Eurocrats are now panicking because they see the example of Iceland and realize that the real threat to them is that the Greek people will go back to their own currency and begin to recover. If they show the same determination as Iceland to deal honestly with their own economic crisis, they will bounce back very quickly and avoid the lifetime of economic oppression that EuroZone membership guarantees. In that situation there could be a stampede for the Euro exit led by Germany.
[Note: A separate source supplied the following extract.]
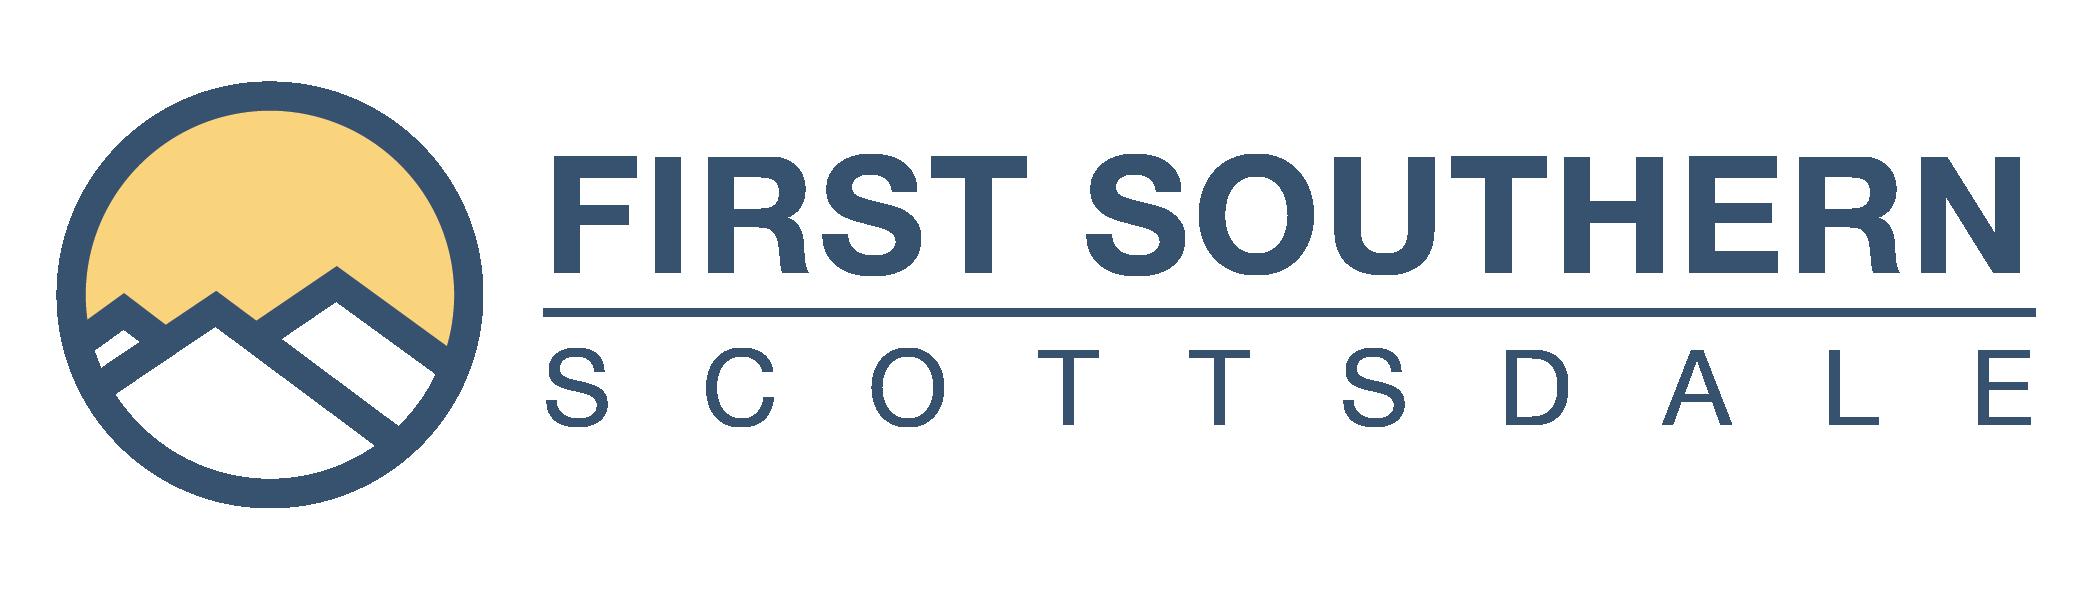 First Southern Baptist Church Scottsdale

The collapse of the Euro does not mean economic Armageddon. Those countries that fail to seize the new opportunities will of course feel the pain, but as one country recovers it helps to pull its trading partners out of crisis and a movement begins that will produce a new boom. Provided that politicians learn to manage growth, the global economy could see a long period of sustained growth and the re-establishment of gentle managed curves in economic development. In the process it will be essential to bring the climate fraudsters under control.

The bright light at the end of the tunnel is that at least the people of Europe are making positive responses. In Britain, the recessions made in Downing Street by Gordon Brown and Ed Balls resulted in them being soundly rejected by the British voters. Unfortunately, the voters were denied a real alternative and ended up securing a Coalition Government unable to make all the tough decisions necessary. In Greece the voters struck back and again found a lack of credible alternative to support. In France the voters ejected the Poison Dwarf Sarkosi and again failed to find a credible alternative. The story is repeating through Europe. The first stage of ejecting the old ruling elites of professional politicians is a positive step. What is now required is the growth of credible alternatives where committed patriots step forward to serve rather than to rule and line their pockets.